China is not a signatory of the NPT. Russia is. So are Iran, Iraq and Libya. North Korea, India, and Pakistan are not signatories. Obviously, whether or not a government has signed the NPT has little impact on their behavior with regard to proliferation.

That is the critical point concerning the arms control approach to national security. We cannot rely on this treaty to prevent the countries that are actually or potentially hostile to us from acquiring and testing nuclear arsenals and ballistic missiles. The evidence is clear.

Why then does President Clinton, whose decisions have diminished, delayed, and denied us development and deployment of effective missile defenses, now urge on us a treaty which would endanger the reliability of the nuclear deterrent which is our only"defense" against a nuclear attack?

Mr. Chairman, the President and some other supporters of the Treaties argue that the action of the Senate in ratifying or rejecting the treaty will determine whether we end nuclear tests and proliferation forever. But that is not true. China, North Korea, Iraq, Iran do not follow our lead.

Finally, I should like to call the Committee's attention to the governance of the organization which will administer it. I note: "All Parties are members. No State Party can be excluded." It will operate on the principle of one state, one vote, with an executive council that based on geographical representation, comprising, Africa is allotted ten seats; eastern Europe seven, Latin America nine, the Middle East and South Asia seven; Western Europe and North America ten; Asia eight.

"Each State Party shall have the right to participate in the international exchange of data and to have access to all data made available to the International Data Centre."

Mr.

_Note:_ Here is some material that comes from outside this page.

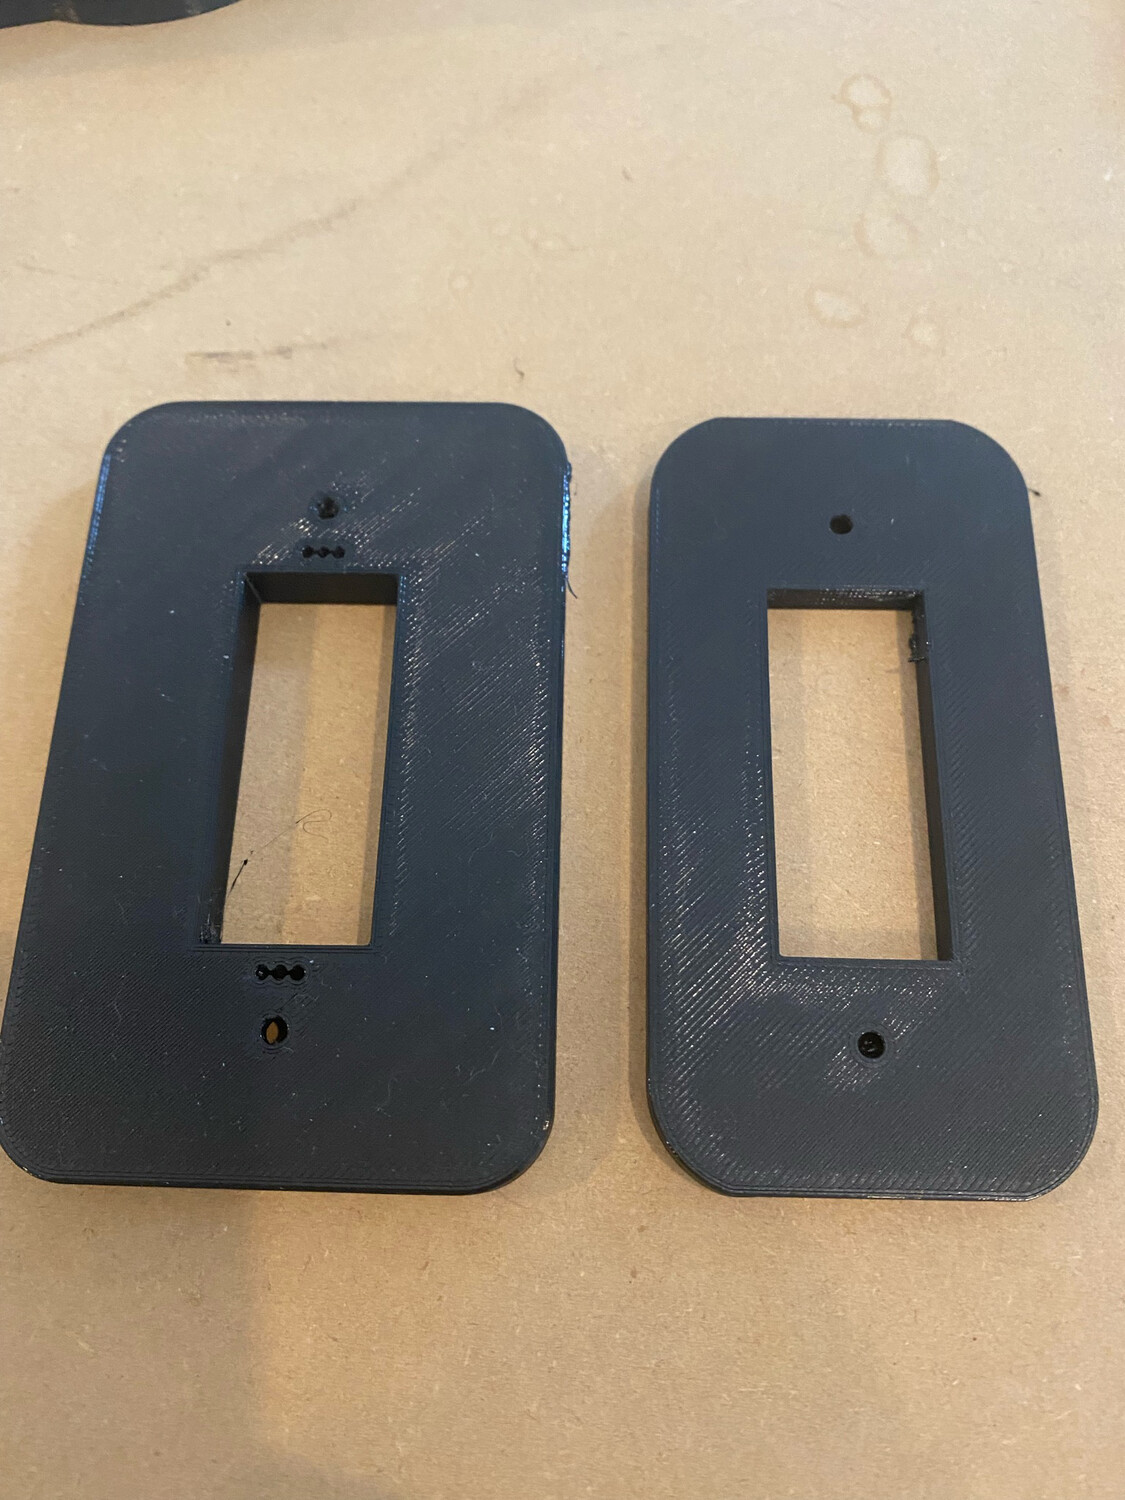 Backplate for use with Swivel Mounts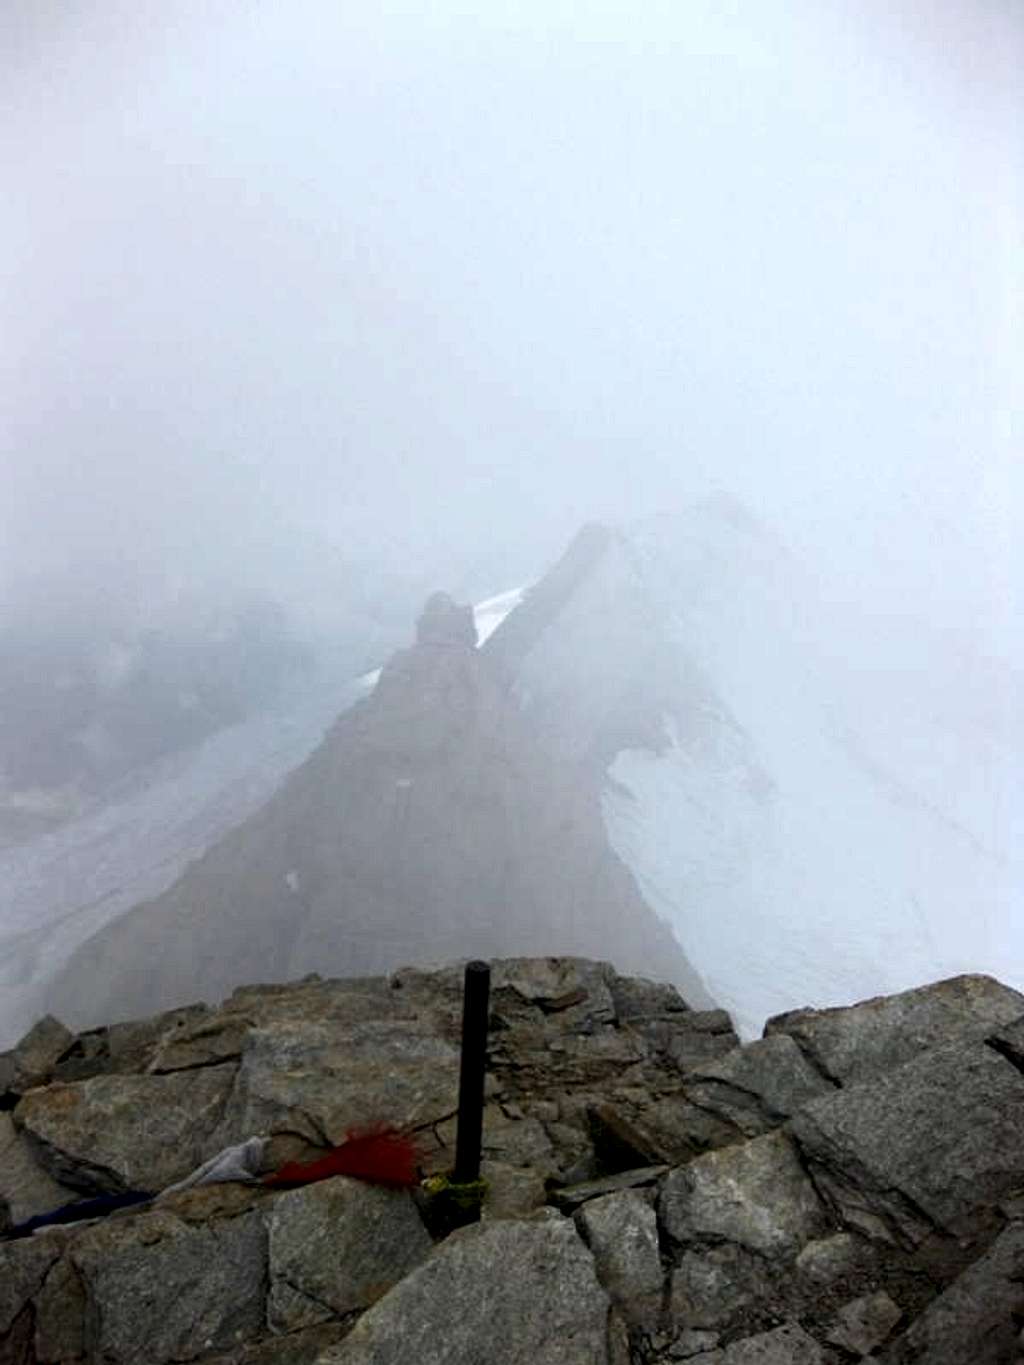 Romariskopf summit - the NW ridge barely visible in the clouds

Chairman, the International Atomic Energy Agency, conceived to prevent proliferation, and staffed with a good many firstclass professionals has not only been unable to stop proliferation, it has more than once served as a source of proliferation as member states take from it technical information and reactors - for peaceful uses it is always said.

The CTBT organization will also serve as a source of technical expertise. Those who today claim the Treaty will end nuclear testing once and for all will be greatly shocked. But it should not be a surprise to the rest of us.

Mr. Chairman, President Clinton and his Administration are once again urging Americans to take what amounts to a long step toward unilateral nuclear disarmament- at a time of unprecedented vulnerability. It is enormously important that the Senate reject this Treaty.